Published Date: 2021-01-26

Postmortem Analysis
Timeline 1. The software failure incident happened on January 26, 2021 [110213].
System 1. Verizon Fios internet service [110213]
Responsible Organization 1. Verizon [110213]
Impacted Organization 1. Internet users across the northeast U.S., including Fios internet customers [110213] 2. Fairfax County Public Schools in the Washington, D.C., suburbs [110213] 3. Galvin Middle School in Wakefield, Massachusetts [110213] 4. Internet and cloud providers, major sites such as Google and Facebook, Amazon Web Services customers [110213]
Software Causes 1. Unknown
Non-software Causes 1. Cut fiber in Brooklyn, New York [110213]
Impacts 1. Internet users across the northeast U.S. experienced widespread outages, interrupting work and school activities [110213]. 2. People in the region from Washington, D.C., to Boston reported issues connecting with various online services, affecting government services, financial companies, and remote learning [110213]. 3. Students and teachers had to find workarounds, such as switching to another platform, doing independent learning, or resorting to pen-and-paper assignments [110213]. 4. Major sites like Google and Facebook, as well as internet and cloud providers, were affected by the outage [110213]. 5. Connectivity issues for Amazon Web Services customers were resolved after an hour and a half [110213].
Preventions 1. Implementing robust redundancy and failover systems in the network infrastructure to mitigate the impact of network issues like the one experienced by Verizon [110213]. 2. Conducting regular network monitoring and maintenance to proactively identify and address potential issues before they escalate into widespread outages [110213]. 3. Enhancing communication and transparency with customers by providing timely updates and information during service interruptions to manage expectations and minimize inconvenience [110213].
Fixes 1. Investigating the root cause of the issue within the Verizon network to prevent similar incidents in the future [110213]. 2. Implementing redundancy and failover mechanisms in the network infrastructure to minimize the impact of outages [110213]. 3. Enhancing communication and coordination between internet service providers to address network issues promptly and efficiently [110213].
References 1. Spokesman Rich Young from Verizon [110213] 2. People posting on Twitter [110213] 3. Diana Gaspar [110213] 4. Fairfax County Public Schools spokeswoman Lucy Caldwell [110213] 5. Fairfax parent Tracy Compton [110213] 6. Galvin Middle School representative Trish Dellanno [110213] 7. Doug Madory, director of internet analysis at Kentik [110213] 8. Cary Wiedemann, a network engineer [110213]

Software Taxonomy of Faults

Category Option Rationale
Recurring multiple_organization (a) The software failure incident related to one_organization: - The article does not mention any previous incidents of a similar nature happening again within the same organization (Verizon) or with its products and services. Therefore, there is no indication of this specific incident happening again at Verizon or with its services [110213]. (b) The software failure incident related to multiple_organization: - The article mentions that the outage affected internet and cloud providers as well as major sites such as Google and Facebook. Amazon, Google, and other providers were impacted by the East Coast outages. This indicates that similar incidents have happened again at multiple organizations or with their products and services, not just Verizon [110213].

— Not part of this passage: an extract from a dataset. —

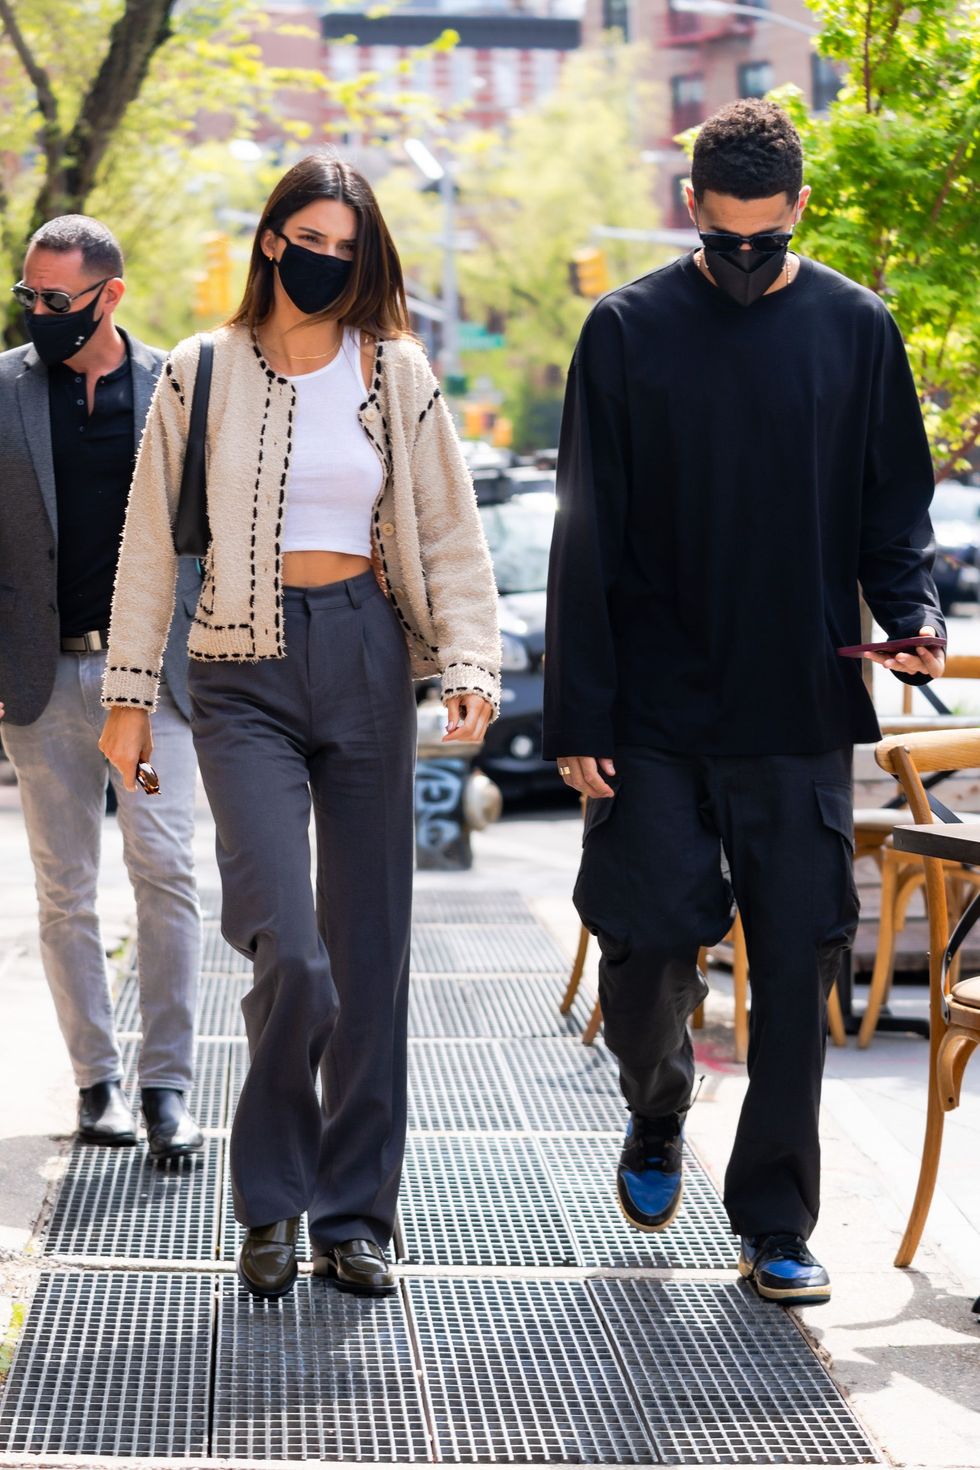 kendall jenner and devin booker in new york city on april 24, 2021

Phase (Design/Operation) design, operation (a) The software failure incident related to the design phase can be seen in the article where it mentions that internet users across the northeast U.S. experienced widespread outages due to an unspecified Verizon network issue. The article highlights that the outage affected internet and cloud providers as well as major sites such as Google and Facebook, indicating a failure related to the design or development of the network infrastructure [110213]. (b) The software failure incident related to the operation phase is evident in the article where it describes how people in the affected region had issues connecting with various online services, impacting work and school activities. Users had to find workarounds, such as switching to another instruction platform or resorting to pen-and-paper assignments when facing internet problems, showcasing failures introduced by the operation or use of the system [110213].

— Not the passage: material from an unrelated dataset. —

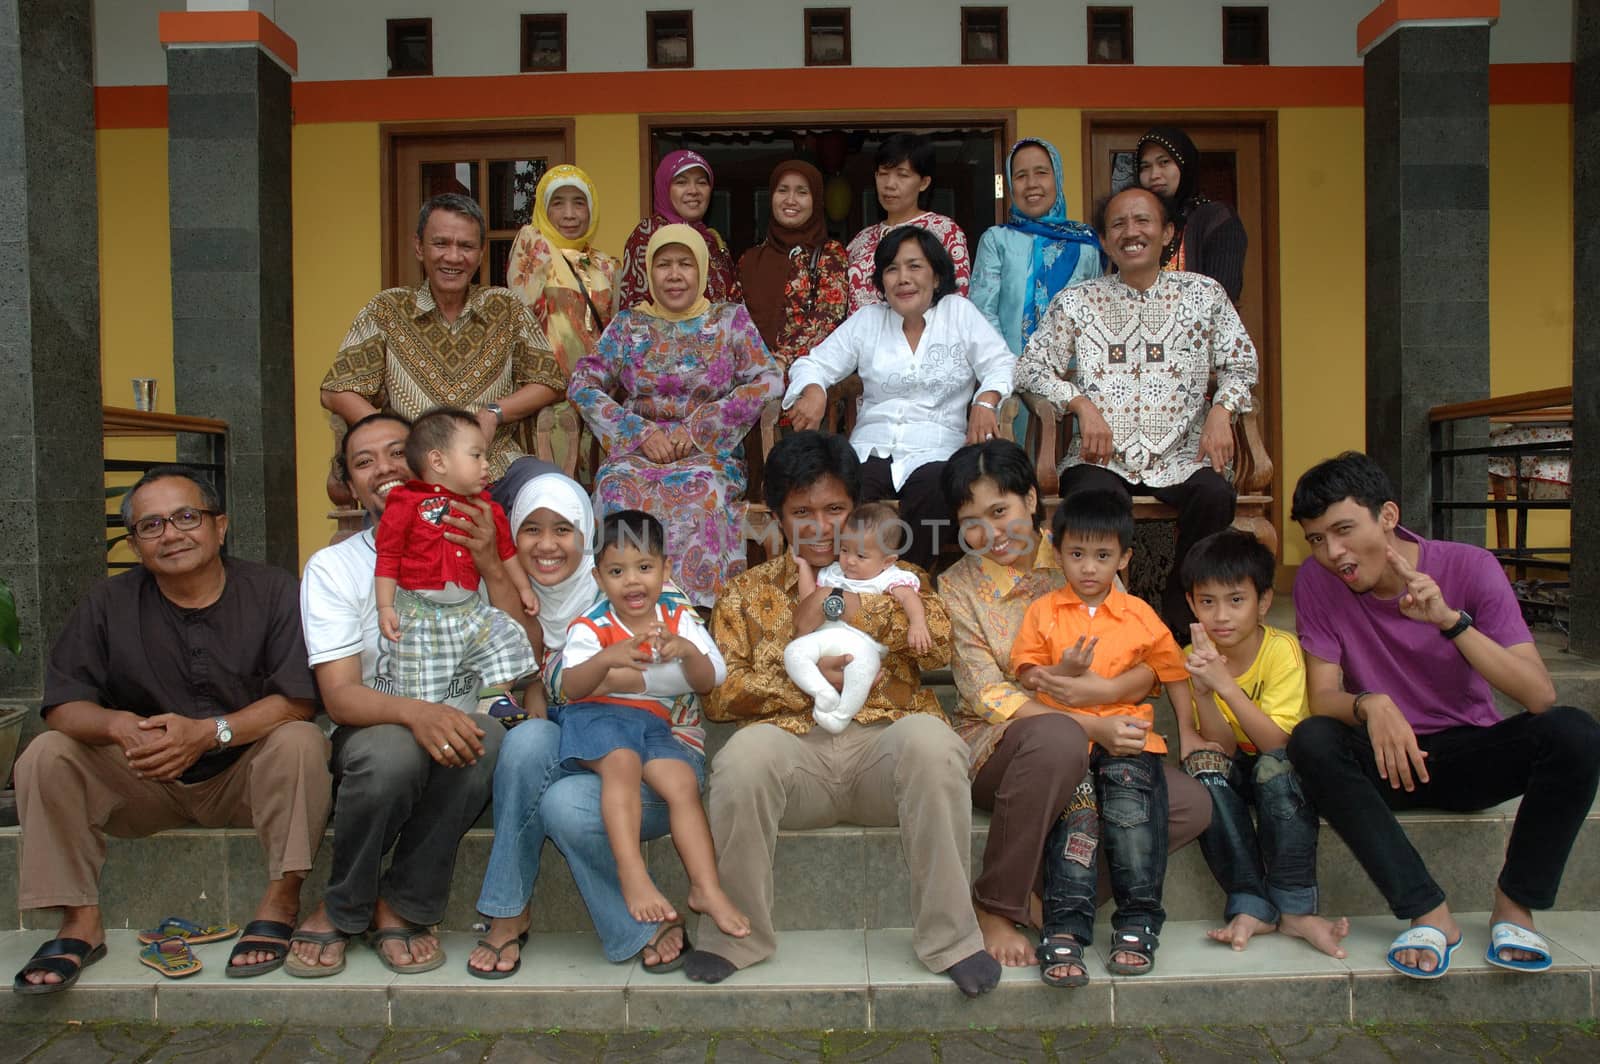 bandung, indonesia-december 19, 2010: large group of family gathering together in front of house.

Boundary (Internal/External) within_system (a) within_system: The software failure incident in this case was within the system, specifically related to an unspecified Verizon network issue affecting Fios internet service in the northeast U.S. [110213]. The outage impacted internet and cloud providers, major sites like Google and Facebook, and caused disruptions for millions of Fios internet customers. The issue originated from within the Verizon network infrastructure, leading to service interruptions for users within the system.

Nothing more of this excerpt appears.